Playing History: Vikings Review

by Reads (724)

Kids love to play iPad games, while their parents wish they were using these tablets to learn instead. These two can be combined in a new offering called Playing History: Vikings.

There are plenty of educational games, and finding the right mix of learning and fun is difficult. This offering from Serious Games Interactive is fairly close to the “sweet spot”: it’s both entertaining and informative.

It functions like most role playing games (RPGs), with the player controlling an on-screen character who develops over time. But rather than being an elf or an assassin in a fictional world, it takes place during Europe’s Viking Era about 1,000 years ago. The main character is Erik, a boy who the player follows through important events as he grows and matures.

Playing History: VikingsIt’s important to be aware that this isn’t “Curious George Uses the Potty”. Erik is a Viking and spends time in the game fighting and looting. And Playing History: Vikings doesn’t pull any punches; the first quest is to steal a gold cross from a church in a burning town, because that’s the sort of thing real Vikings did. That said, the game’s cartoonish style is far from gritty realism.

Fighting is turn based, which means the player either attacks, moves, or defends, then waits while an enemy makes his attack (see here). This means that combat is strategic (“Should I use my sword or step back and throw an axe?”) rather than the frantic hack-and-slash of most games. There’s no blood, and Erik spends far more time finding items and avoiding his enemies than in battle… but there’s enough combat to keep most children aged 9 – 13 interested.

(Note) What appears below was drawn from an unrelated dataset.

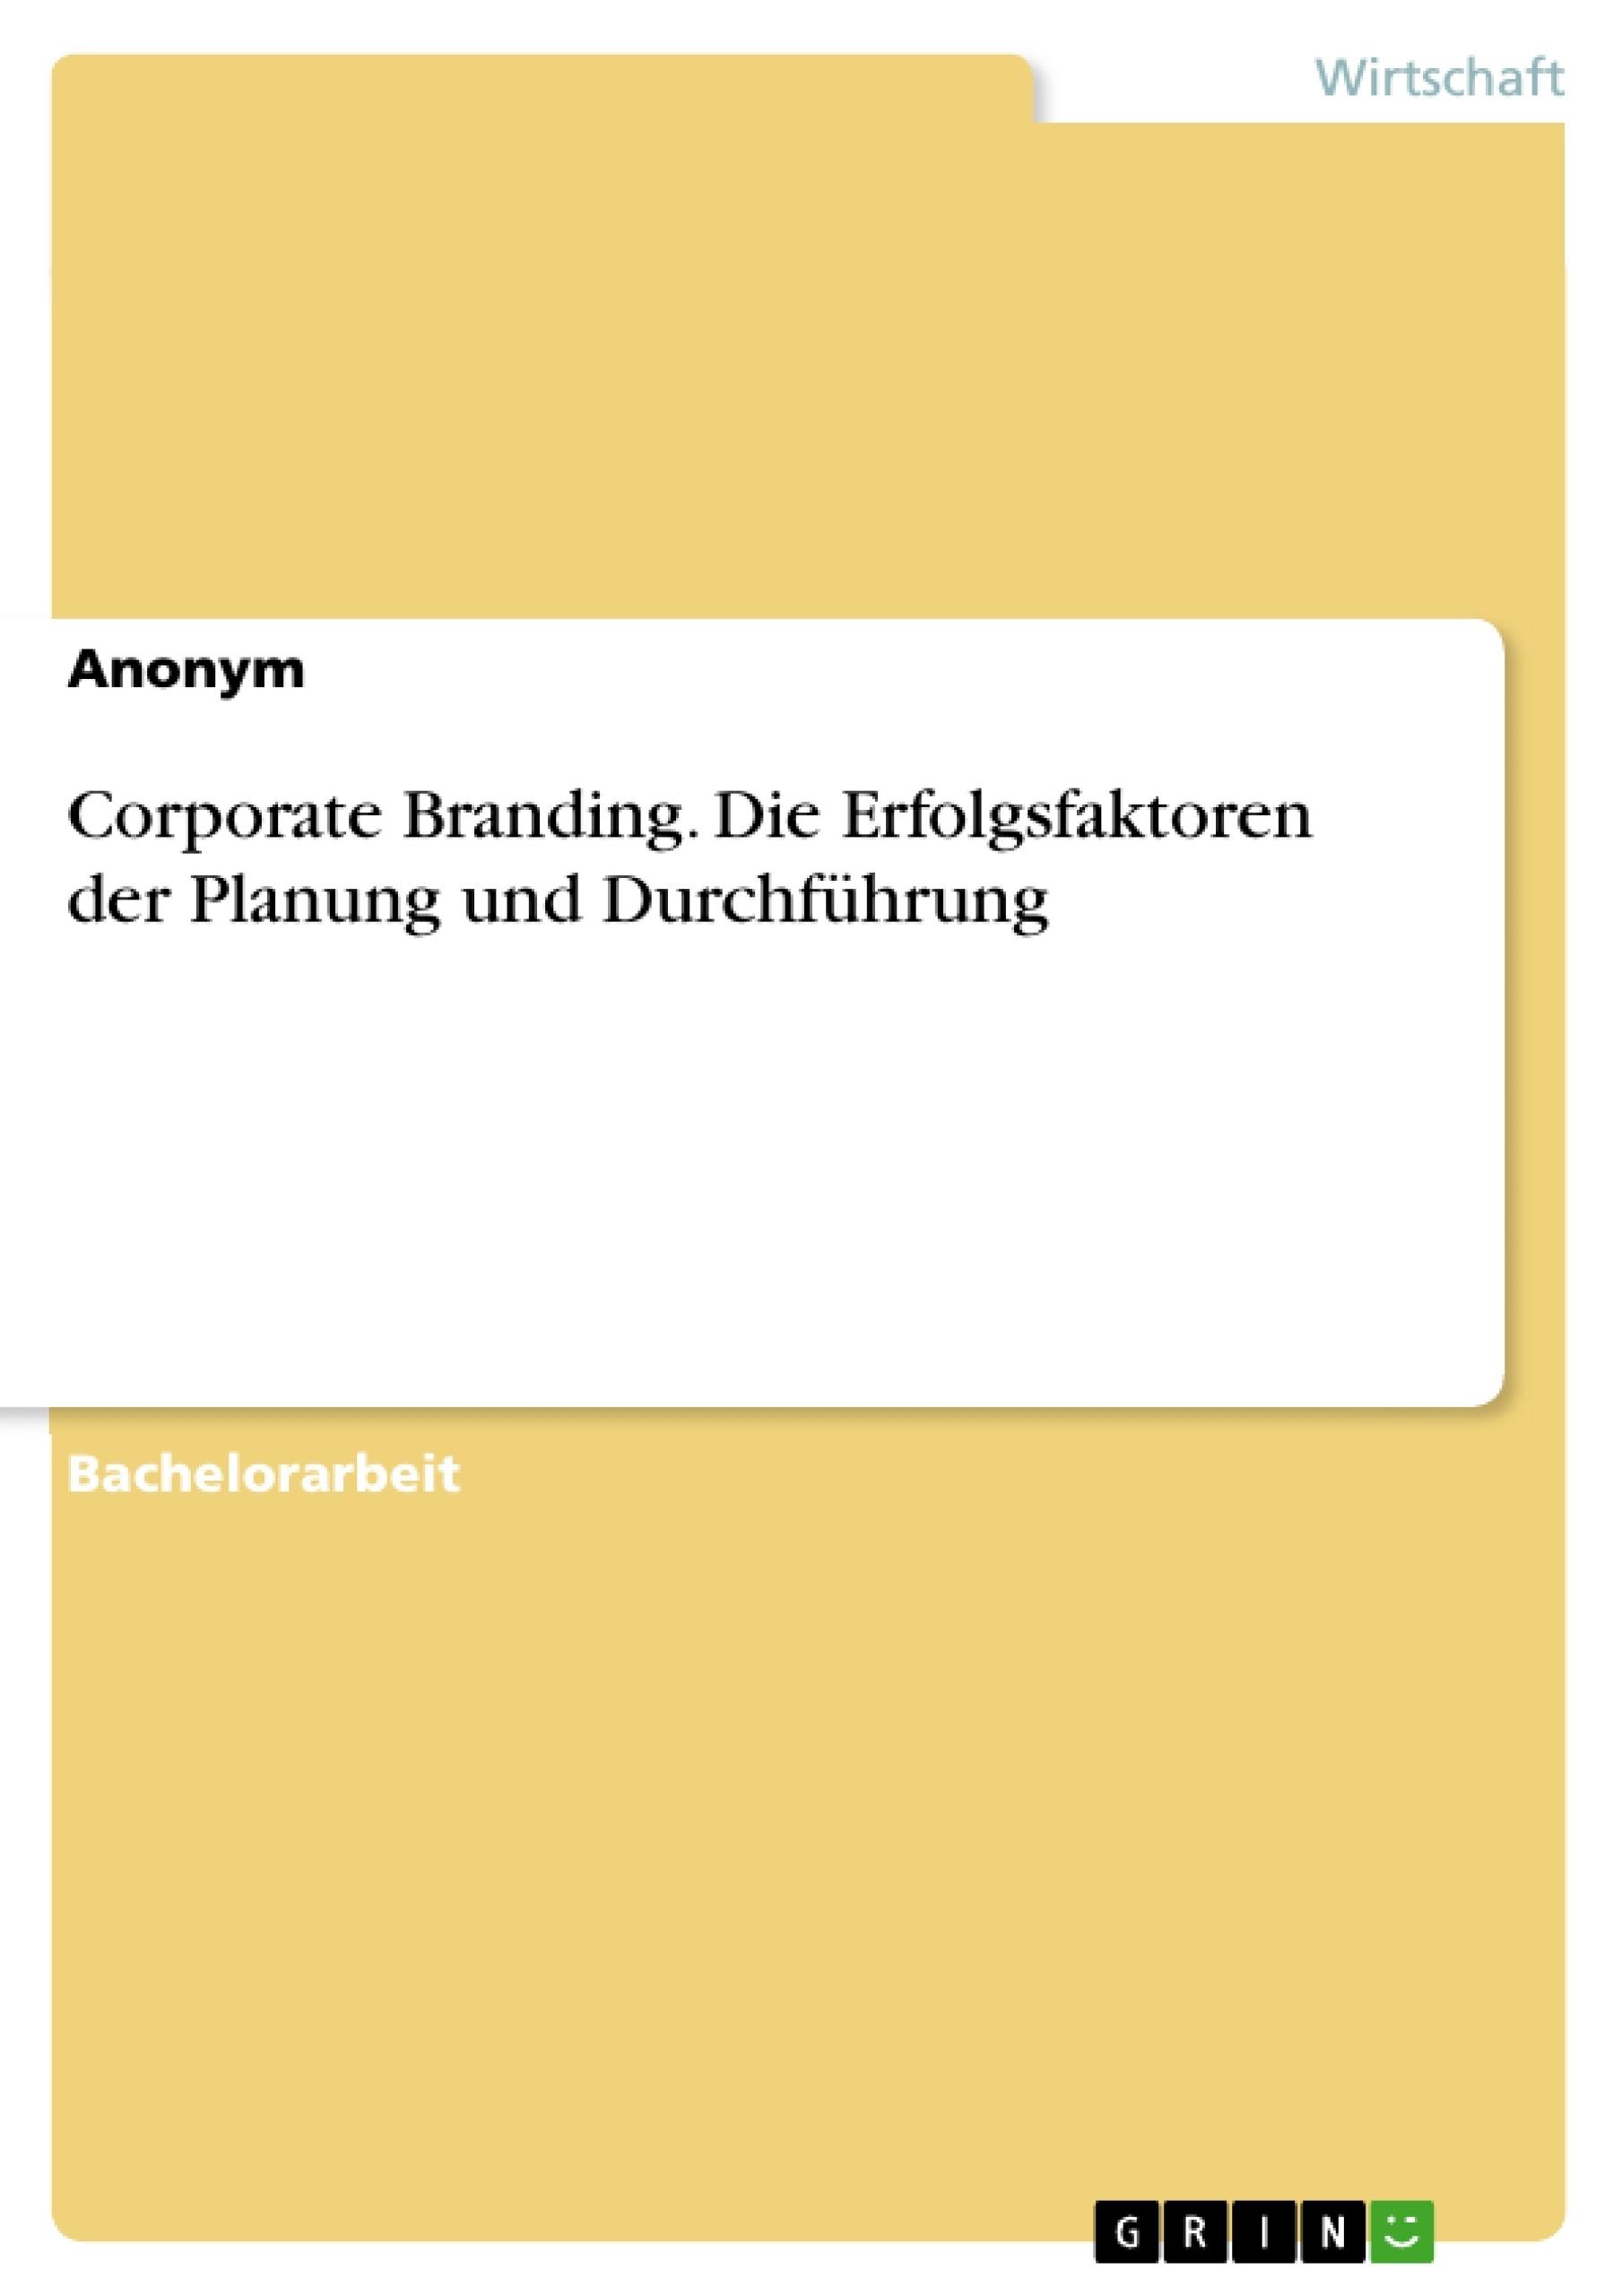 Titel: Corporate Branding. Die Erfolgsfaktoren der Planung und Durchführung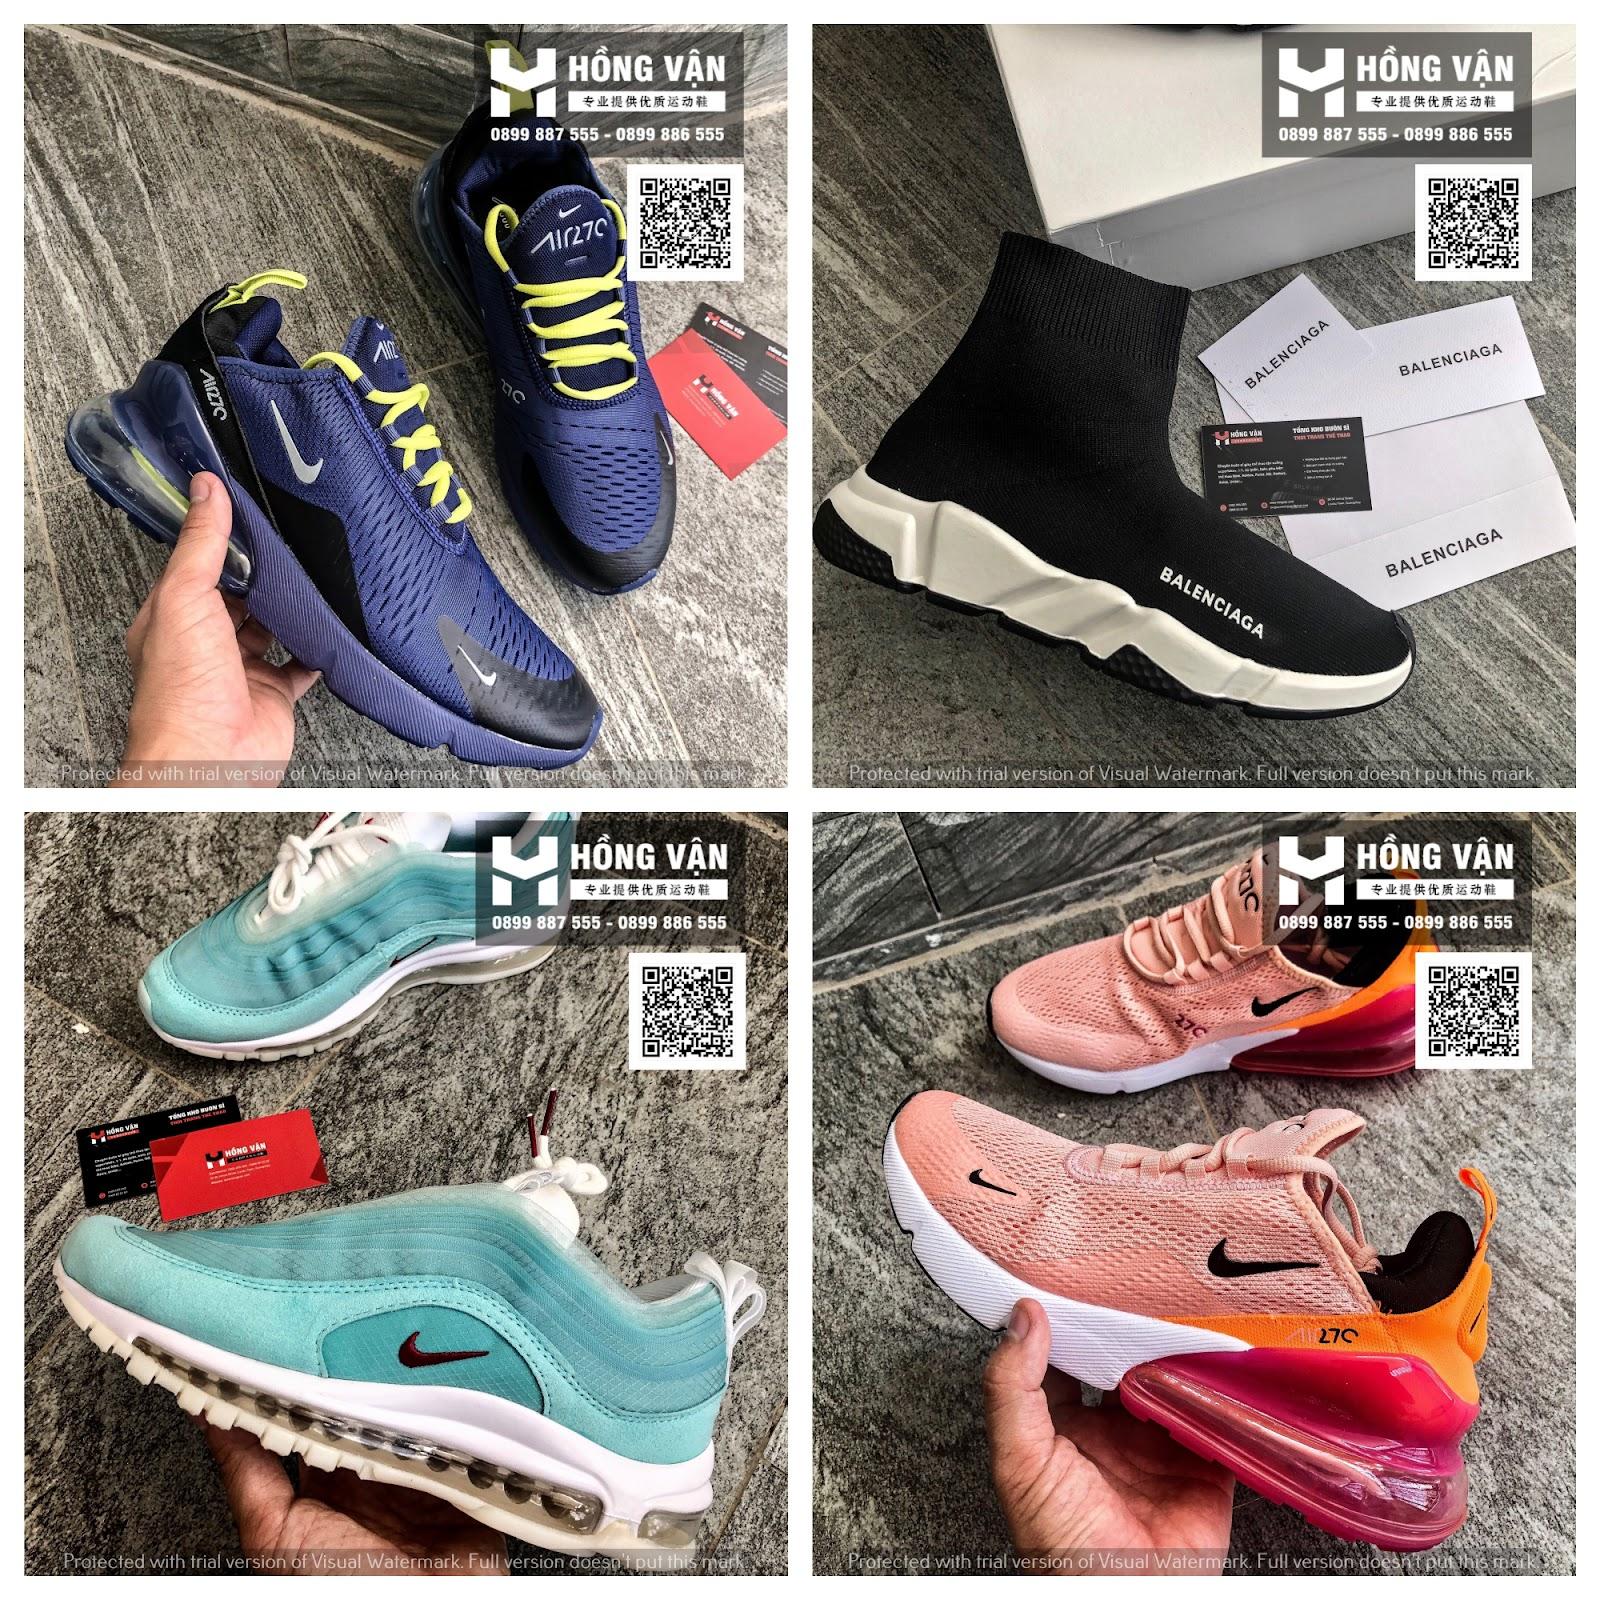 Hồng Vận - Tổng buôn sỉ giày thể thao chất lượng , uy tín ( hình thật - 7

The education features are scattered throughout. Characters Erik meets will frequently tell him facts about Viking beliefs and lifestyle, and the player often needs to remember these to complete the quests. The player can also be rewarded for noticing the anachronistic items that were deliberately included.

The game looks great, and is well designed. A child who has played an RPG on a tablet before should have no problems figuring out how to use this one, which is a good thing because SGI didn’t include any kind of manual, and the on-screen help is from the PC version.

Playing History: Vikings isn’t the most fun iPad game on the market, but it is entertaining enough that a child can enjoy it, while also getting a sense of what the life of a Viking was actually like.

It’s currently available from the App Store for $1.99, which is considerably less than the cost of the identical PC version.